__Directions__: Only some lines are wanted. Transcribe, exactly, the lines below from the line with "briefing the attendees" up to and including the line with "PR China 1950".
[[ Records supplied open ]]
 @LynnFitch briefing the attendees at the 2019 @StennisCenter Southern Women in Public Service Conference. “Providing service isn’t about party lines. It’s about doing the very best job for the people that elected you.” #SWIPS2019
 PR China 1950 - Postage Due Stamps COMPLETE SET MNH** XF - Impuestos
[[ Records supplied closed ]]
[[ Records supplied open ]]
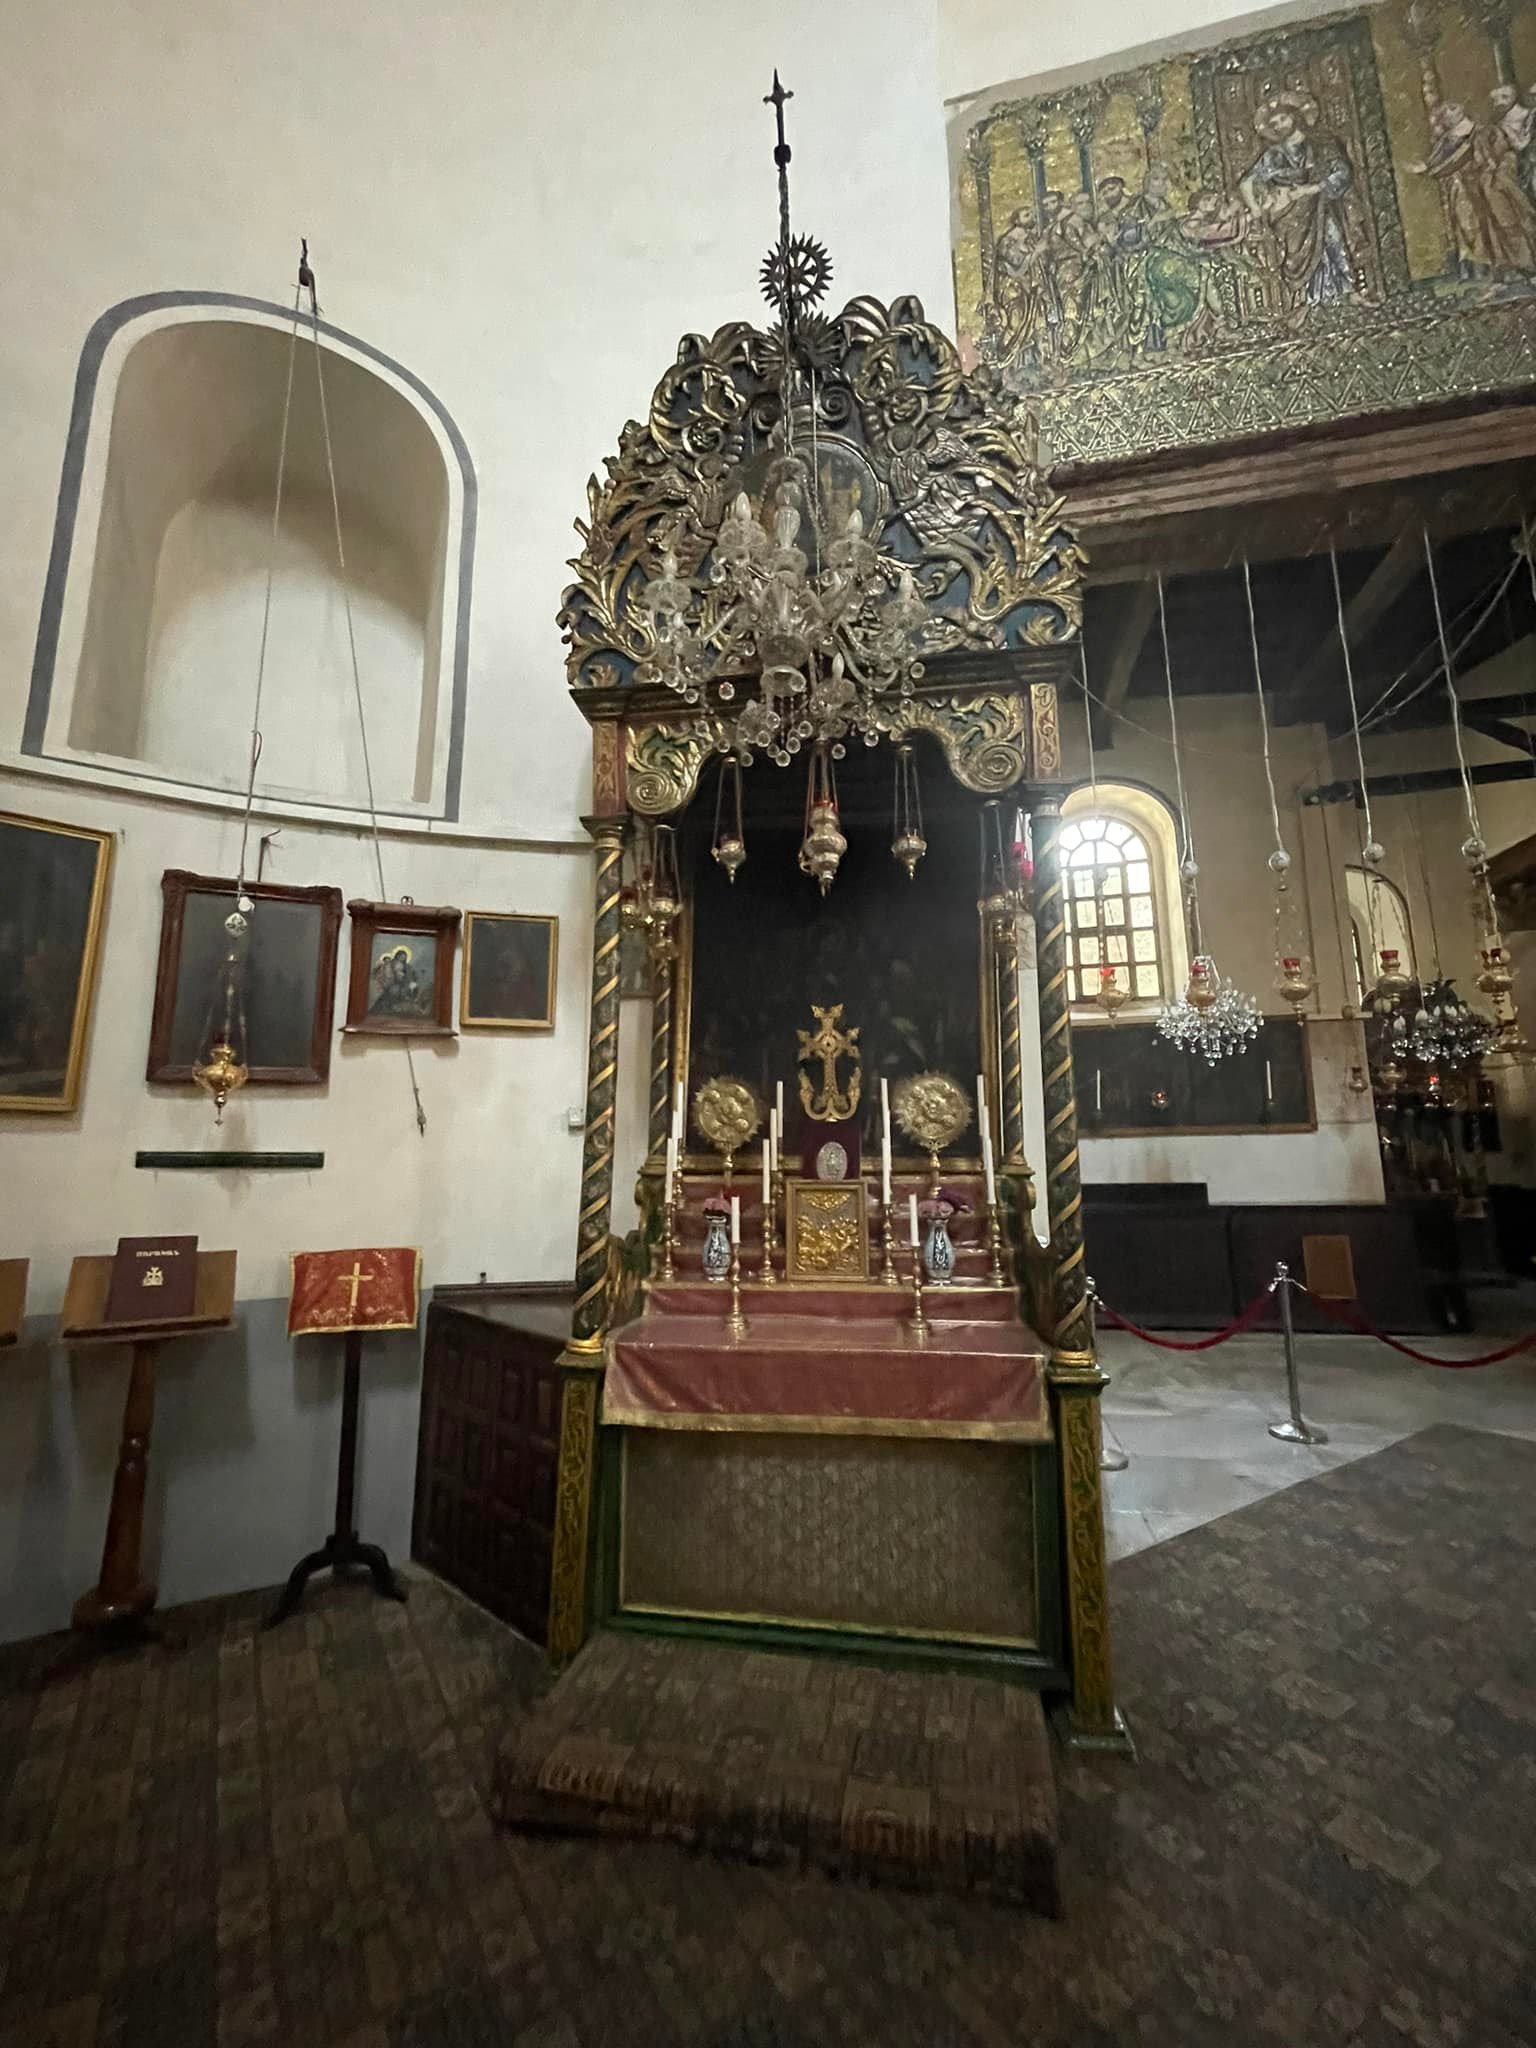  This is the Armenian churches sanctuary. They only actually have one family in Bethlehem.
[[ Records supplied closed ]]
__Worked solution__:
 @LynnFitch briefing the attendees at the 2019 @StennisCenter Southern Women in Public Service Conference. “Providing service isn’t about party lines. It’s about doing the very best job for the people that elected you.” #SWIPS2019
 PR China 1950 - Postage Due Stamps COMPLETE SET MNH** XF - Impuestos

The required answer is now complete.